Я вспомнил всех тех, кого с нами нет, и мы почтили их светлую память.
А затем я рассказал о рассказах, которые пишу о всех сидящих сейчас здесь. Я рассказал, как расчертил лист бумаги и нарисовал план нашего класса и вспоминал — кто сидел за какой партой. Я пытался быть точным, излагая факты, но, конечно, я что-то забыл. Вы знаете, что такое возрастной склероз? А кое-что я и наврал. В рассказах наверняка есть такие фразы, которых вы никогда не произносили, но в силу своего характера вполне могли сказать, и поэтому все-таки эти фразы ваши. Я надеюсь, вы мне простите их…
Я прочел им семь или восемь рассказов. Как будто они не вызвали возмущения, ибо многие смеялись, а многие плакали. Аня Труфанова опустила глаза и смотрела на ковер. Некоторые гордо подняли носы. Их взволновало описание школы, упоминание их имен.
Я читал и неимоверно волновался, путал текст и пропускал отдельные слова. Я чувствовал себя, как на экзамене.
А после чтения мы спустились в зал ресторана, где были накрыты столы.
Моя жена, которую я привел на встречу, настояла, чтобы я посадил рядом с собой Аню Труфанову, что я и сделал (и, не скрою, с удовольствием). Наполнили бокалы и осушили их за нашу 190-ю школу, за нашу Лентовку (так мы все ее называем).
Надо заметить, что пили далеко не все мужчины, а уж о женщинах и говорить нечего: очень многие были на диете. Ели тоже мало. Может быть, еще и потому, что все были очень взбудоражены нашей встречей.
Звучали взволнованные тосты. А в соседней комнатке плакали официантки. До них доносились наши слова, и они вспоминали своих друзей юности и расстроились, что не могут их увидеть. Одна официантка, накладывавшая в вазочки мороженое, на мой вопрос — почему вы плачете? — сказала: «Я вспомнила свою маму…»
Конечно, были остроты по поводу того, что я сижу с Труфановой. Павка Старицкий вспоминал, как я безответно любил, и признался, что он сам был одно время в нее влюблен.

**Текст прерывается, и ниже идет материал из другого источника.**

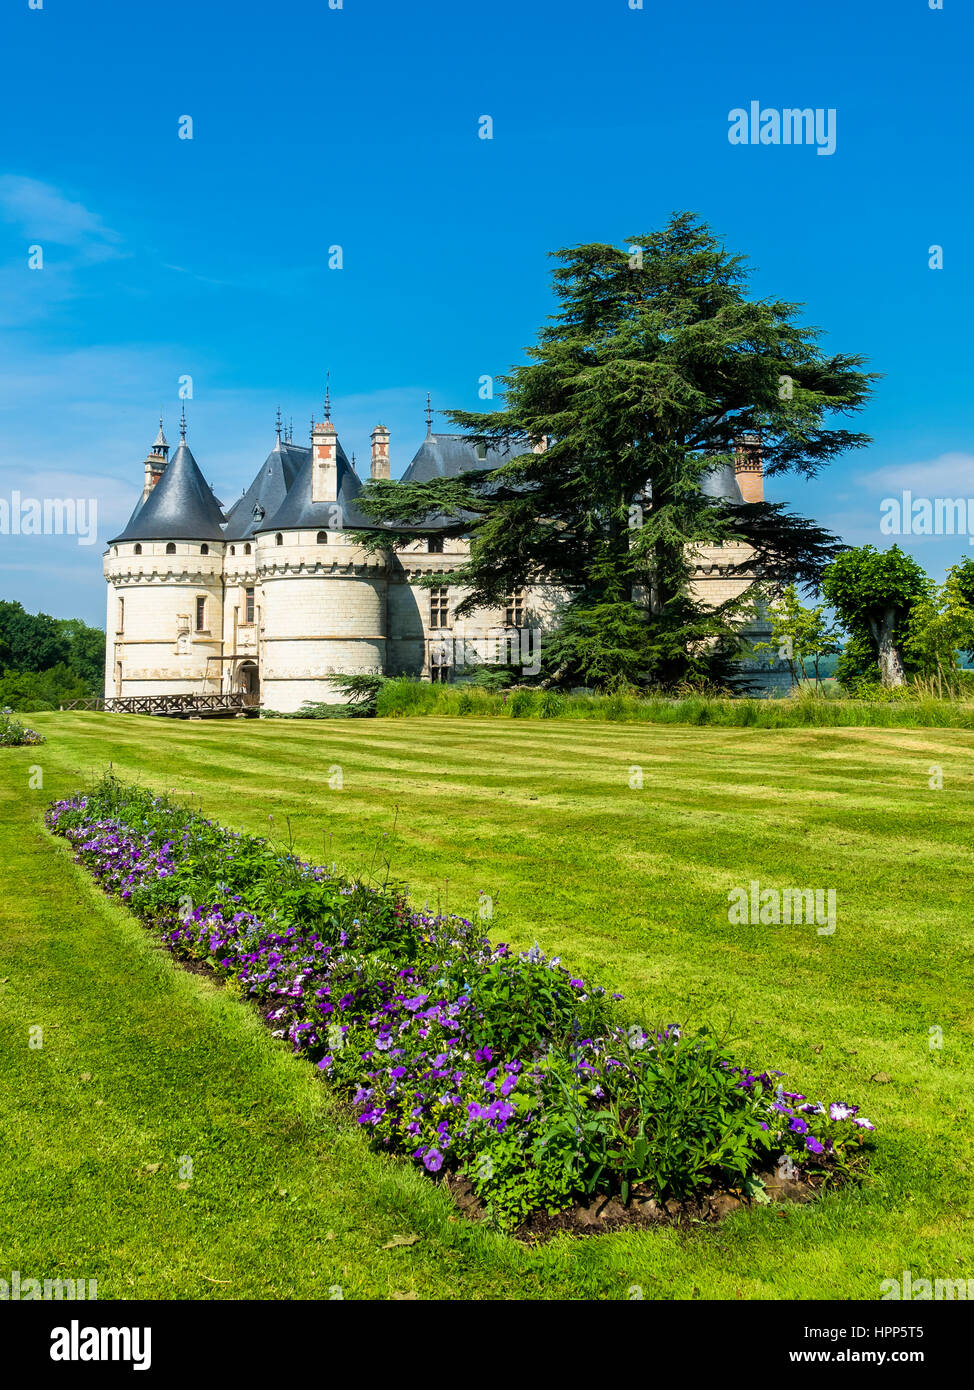 Chaumont castle, Chateau de Chaumont, with parkland, Chaumont-sur-Loire, Department Loir-et-Cher, France Stock Photo

И тут поднялась Таня Чиркина:
— Товарищи! Что это за разговоры — «влюблен», «Аня Труфанова»? Надо быть точными — Володька был влюблен в меня.
— Тут что-то не так, — возразил я, — я был влюблен только в Аню.
— А документы? — возразила Татьяна.
И она раскрыла сумочку и вынула из нее пачку писем.
Их было штук двадцать. Она их хранила с 1921 года.
Они пережили голод, холод, войну, блокаду…
И началась читка этих писем.
Там были мои стихи, адресованные Тане, мой вызов на дуэль Леньке Селиванову за то, что он провожал Таню домой, фамилии моих секундантов Навяжский и Данюшевский — и даже засушенный цветок шиповника.
Это был мой почерк. Я, конечно, смутился, а Аня Труфанова поняла, что я уже тогда был бабником.
И тут вскочил Бродский и с обидой в голосе сказал:
— Почему, Таня, ты говоришь о Володьке, когда в тысяча девятьсот двадцать первом году был влюблен в тебя я?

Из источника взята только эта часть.